BEGIN RAW DATA
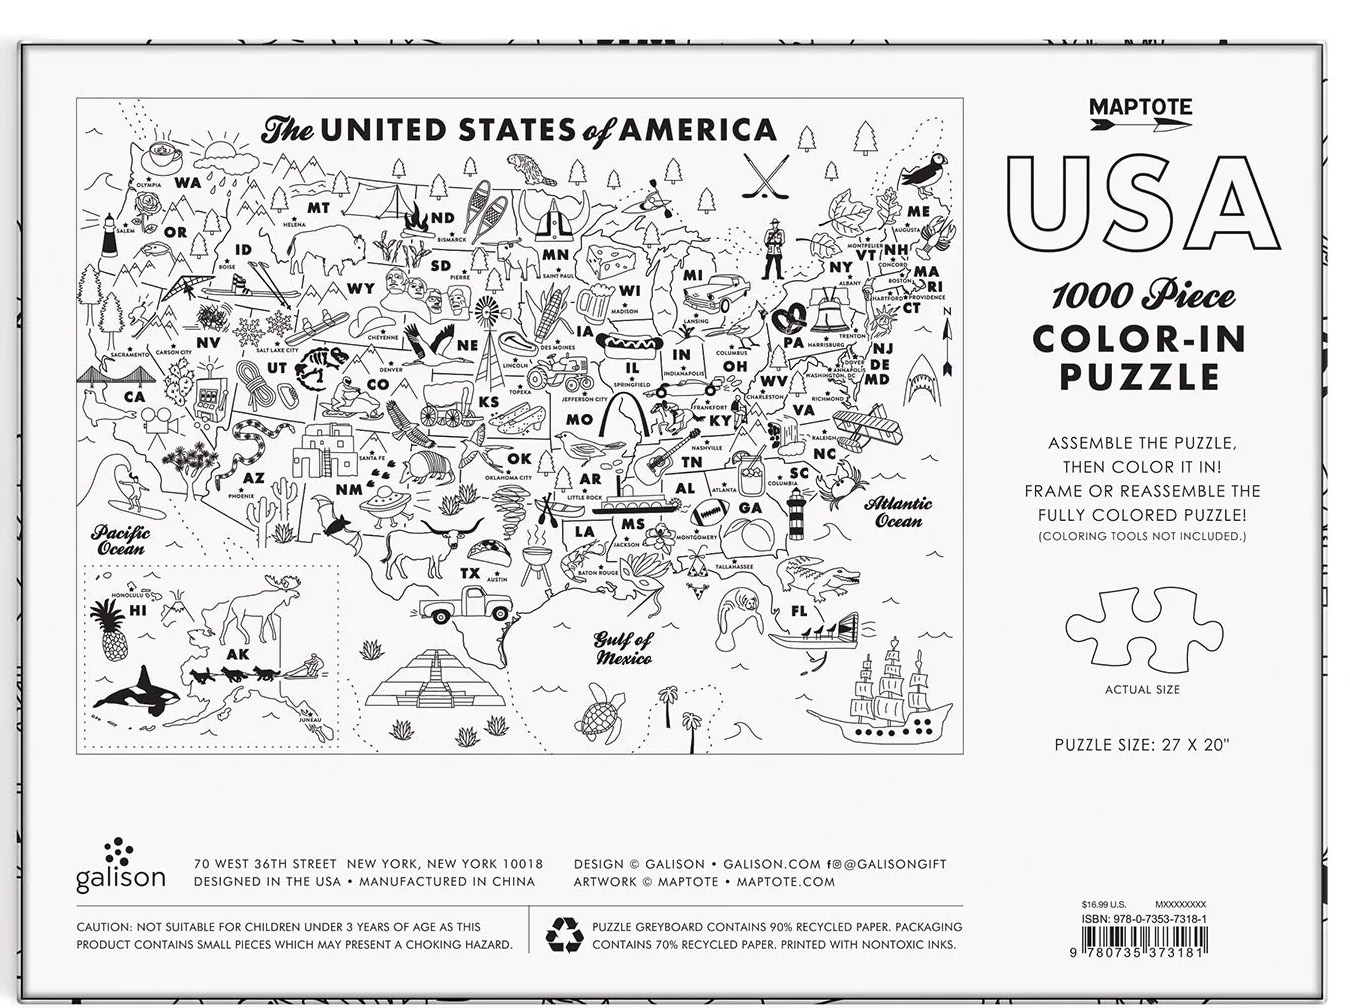 Maptote USA Color-In
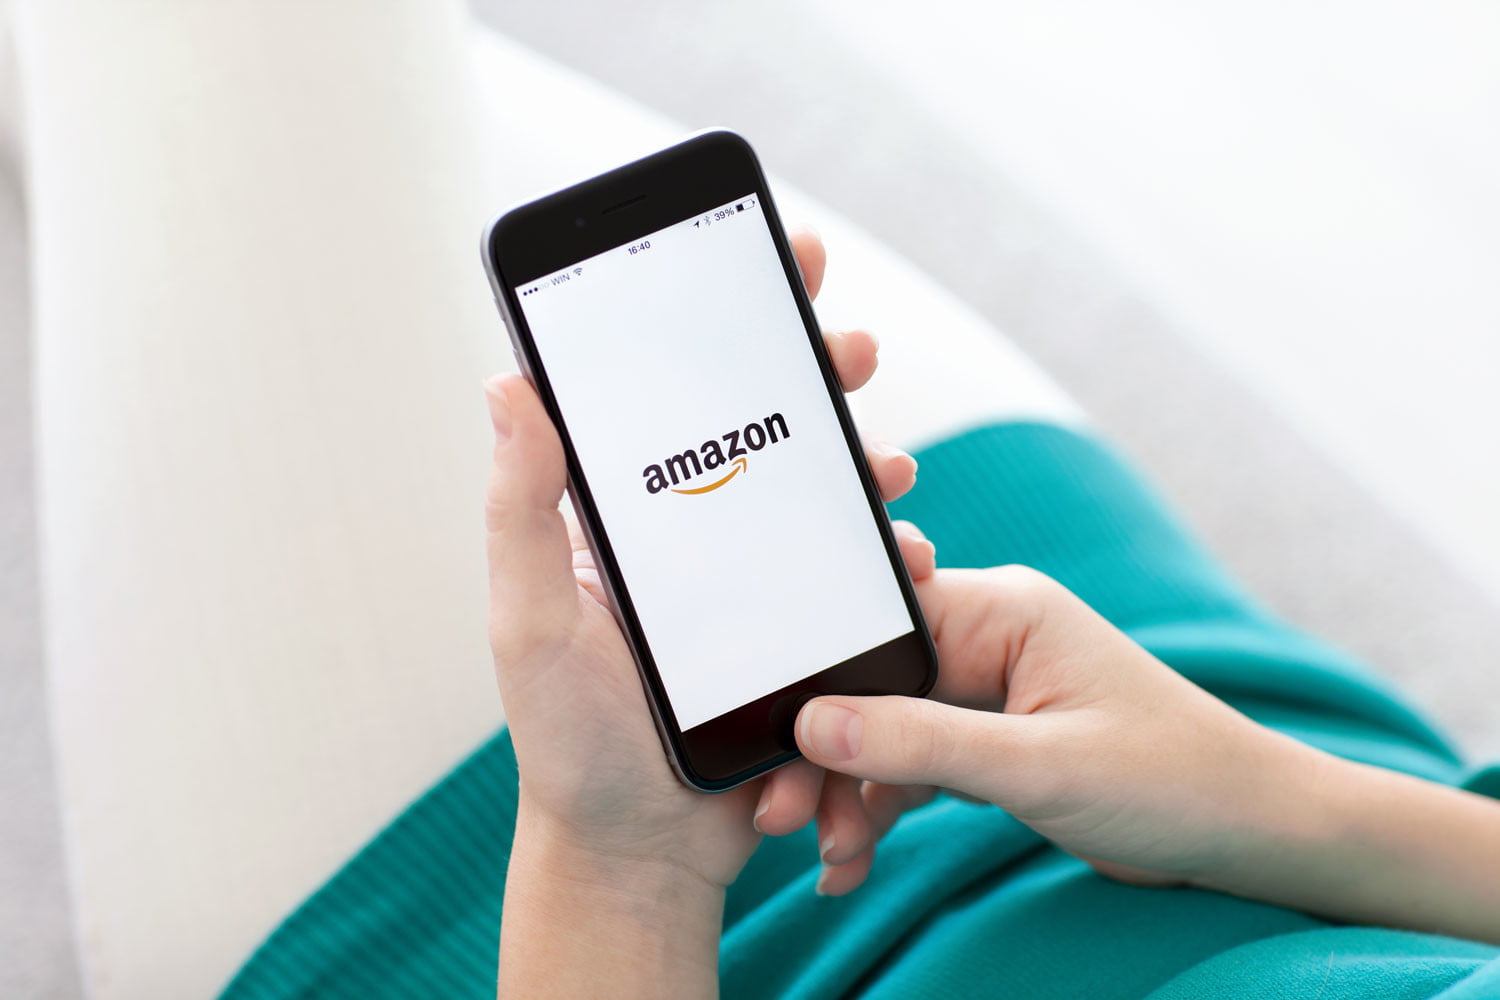 Amazon International Shopping app
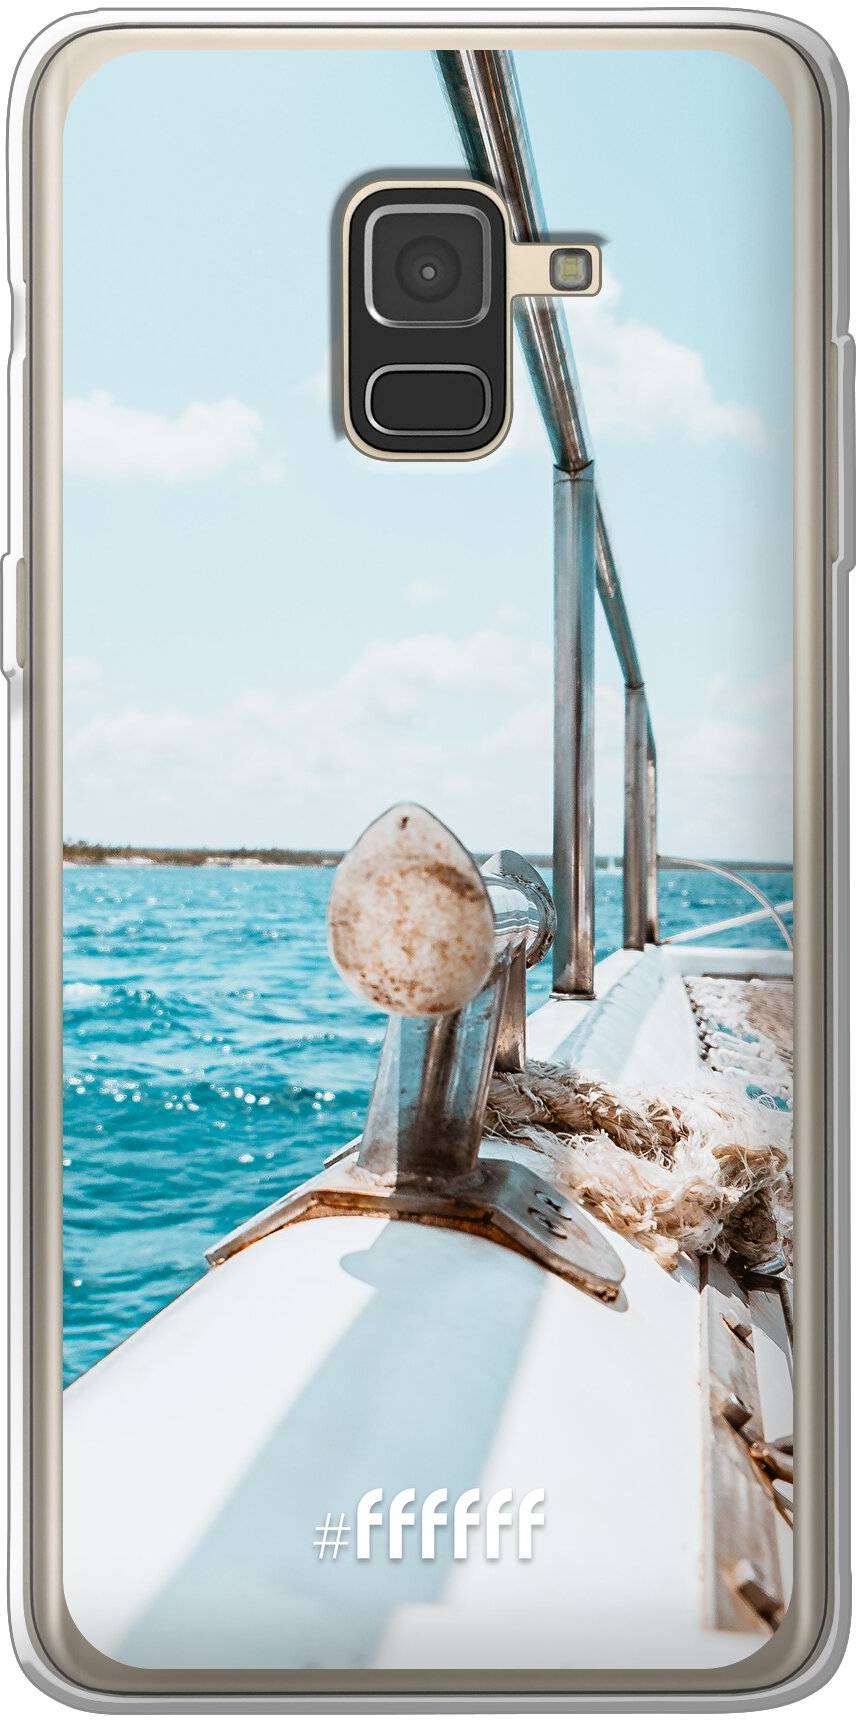 Sailing Galaxy A8 (2018)
END RAW DATA
TASK DESCRIPTION
Print every line above once more, exactly. Omit the pictures.

TASK RESULT
 Maptote USA Color-In
 Amazon International Shopping app
 Sailing Galaxy A8 (2018)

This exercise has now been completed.